Meta-analyse over ouderlijk conflict na scheiding

Een meta-analyse over ouderlijk conflict, opvoedgedrag en het welzijn van kinderen in gescheiden gezinnen

Wereldwijd maken veel kinderen de scheiding van hun ouders mee. Deze kinderen hebben een verhoogde kans op verscheidene psychosociale problemen vergeleken met kinderen van wie de ouders bij elkaar zijn. Echter, er zijn ook grote verschillen tussen kinderen van gescheiden ouders: de een kampt met verschillende problemen, terwijl een ander nauwelijks problemen ervaart. Het doel van deze meta-analyse was om op basis van een groot aantal eerder uitgevoerde studies, vast te stellen welke gezinsprocessen die genoemde verschillen in het functioneren van kinderen na een scheiding kunnen verklaren.

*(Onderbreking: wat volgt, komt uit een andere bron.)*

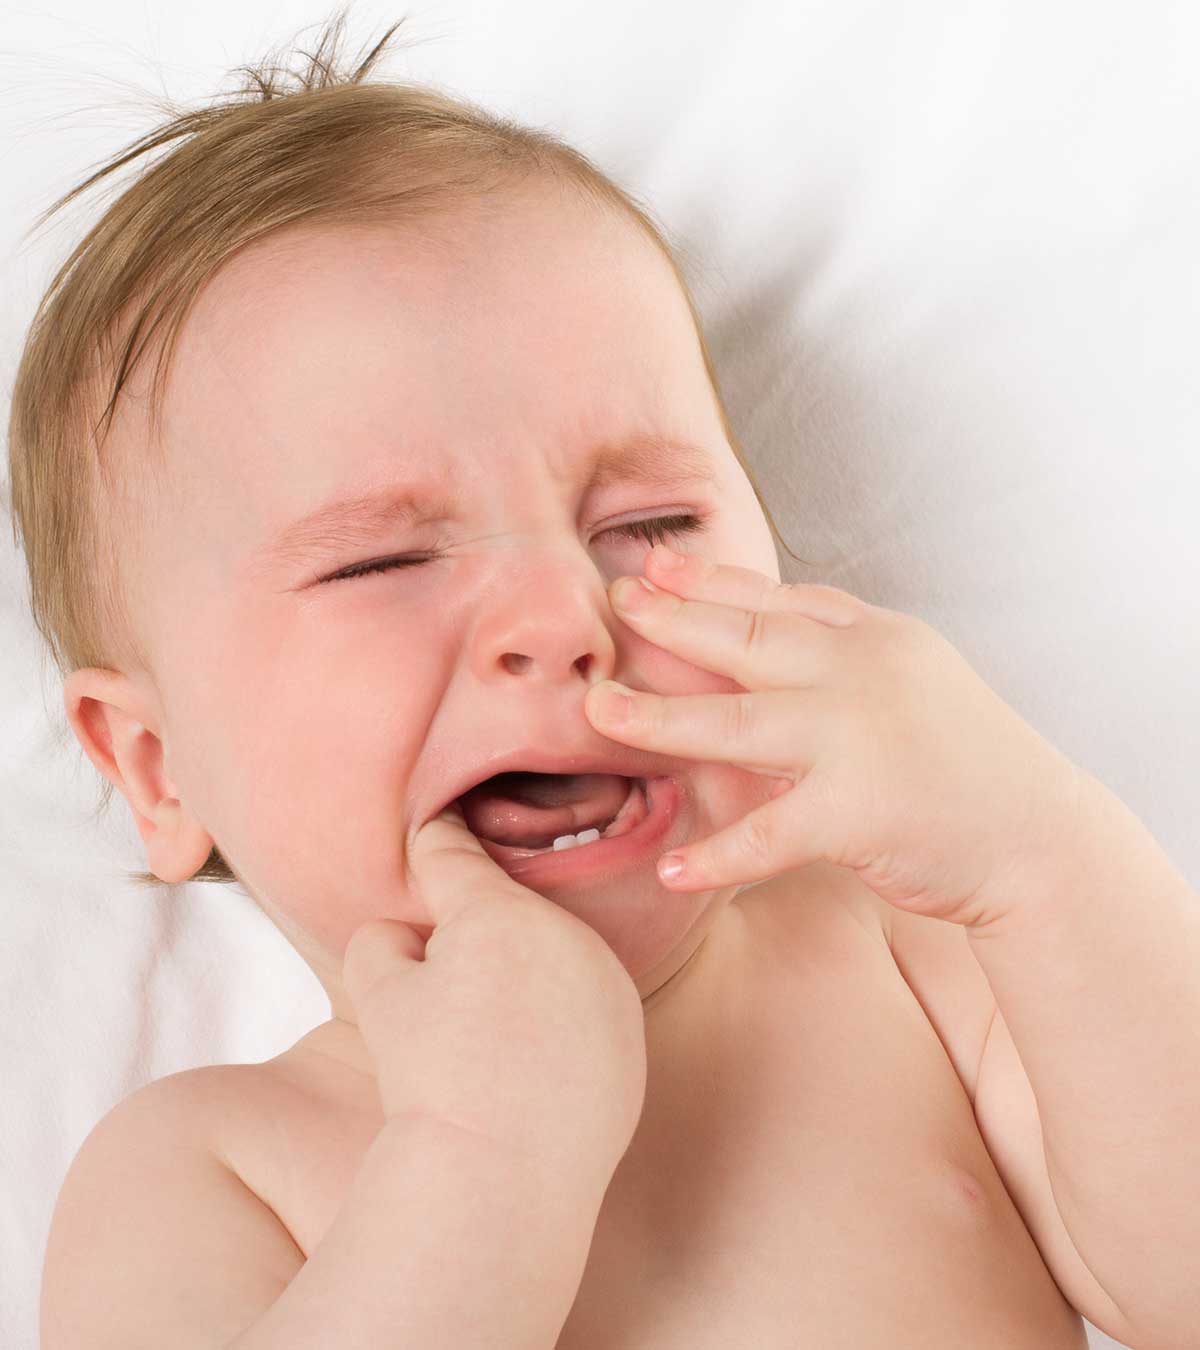 20 Baby Teething Myths And Facts Every Parent Should Know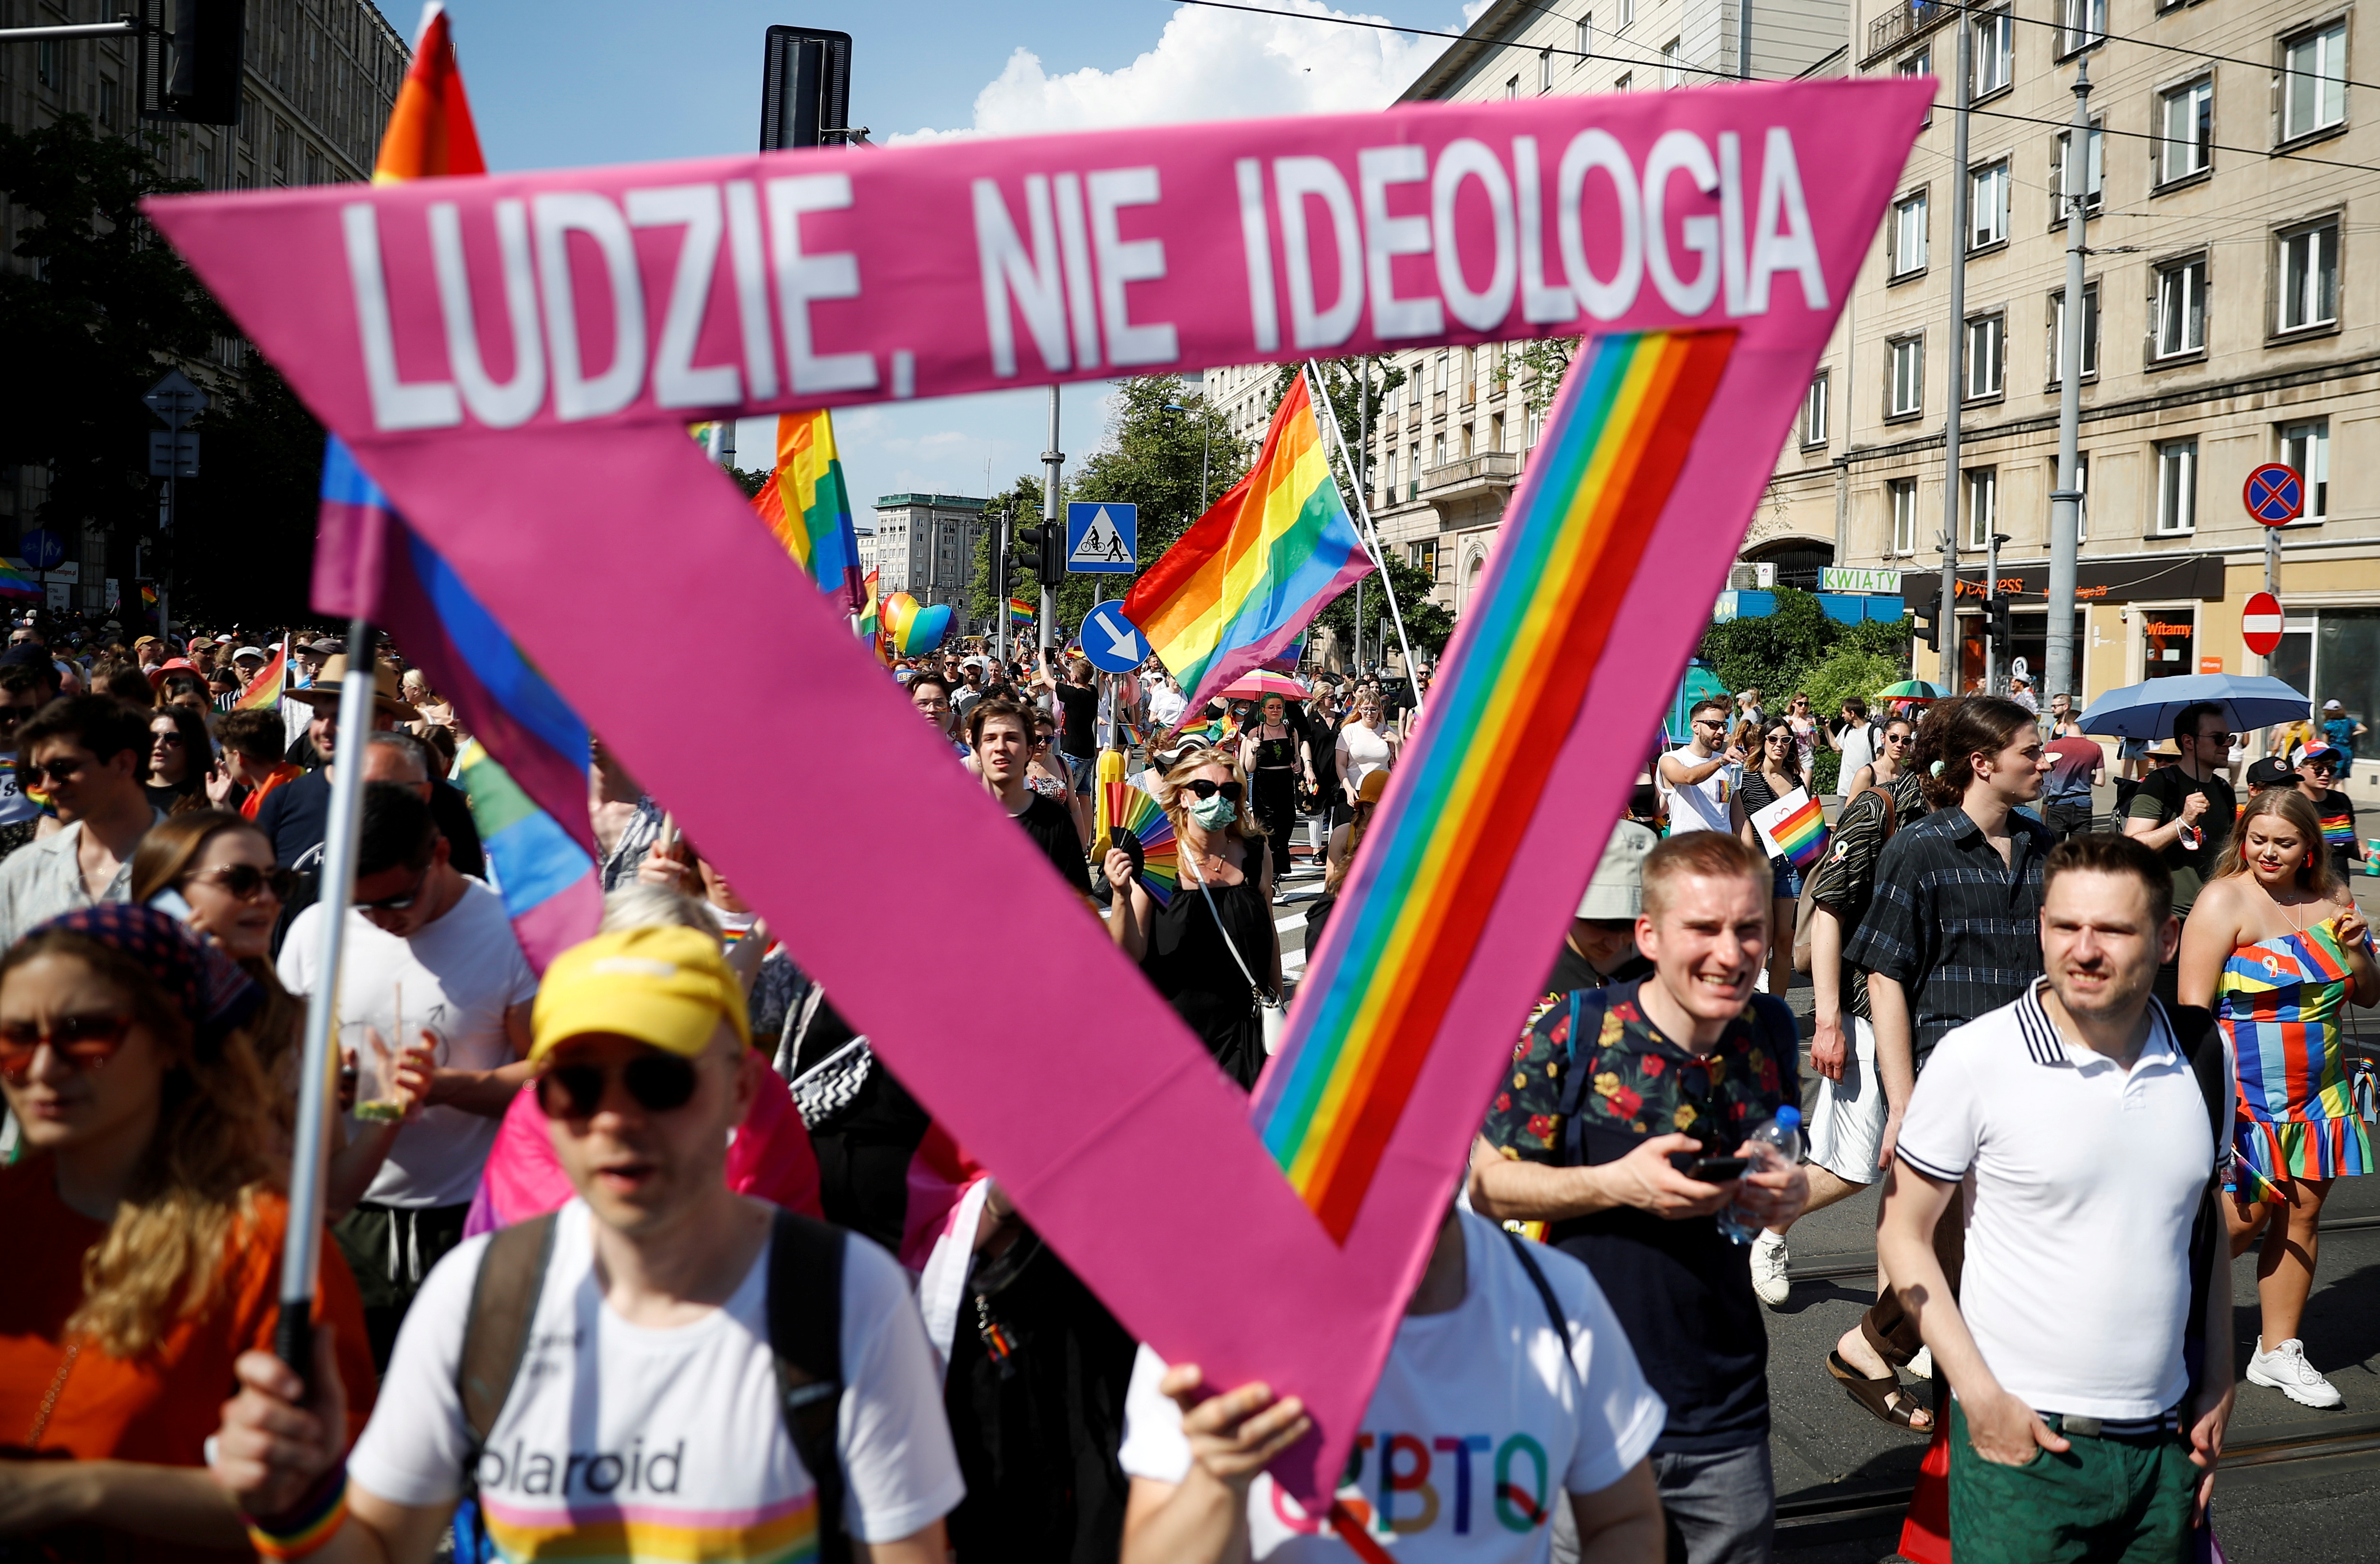 UK campaign targets Poland's 'LGBT-free zones' – DW – 04/21/2021

Op basis van 115 eerdere wetenschappelijke studies bleek dat conflicten tussen ouders en verschillende opvoedgedragingen significant samenhangen met het welzijn van kinderen na een scheiding. Zo vergroten ouderlijke conflicten, afwijzend opvoeden van ouders, opdringerige controle door ouders, rolvervaging tussen ouder en kind (zoals kinderen betrekken in het ouderlijk systeem of hen in een ouderrol plaatsen) en ook ouder-kind conflicten de kans op internaliserende en externaliserende problemen in kinderen na scheiding. Internaliserende problemen zijn naar binnen gericht, zoals angst en depressieve gevoelens. Externaliserende problemen zijn naar buiten gericht, zoals agressie en opstandig gedrag. Hoewel ouderlijke conflicten en negatieve opvoeding samenhangen met méér problemen, verkleinen opvoedgedragingen zoals ouderlijk steun/warmte, het bieden van structuur en een positieve ouder-kind relatiekwaliteit juist de kans op problemen bij kinderen na scheiding.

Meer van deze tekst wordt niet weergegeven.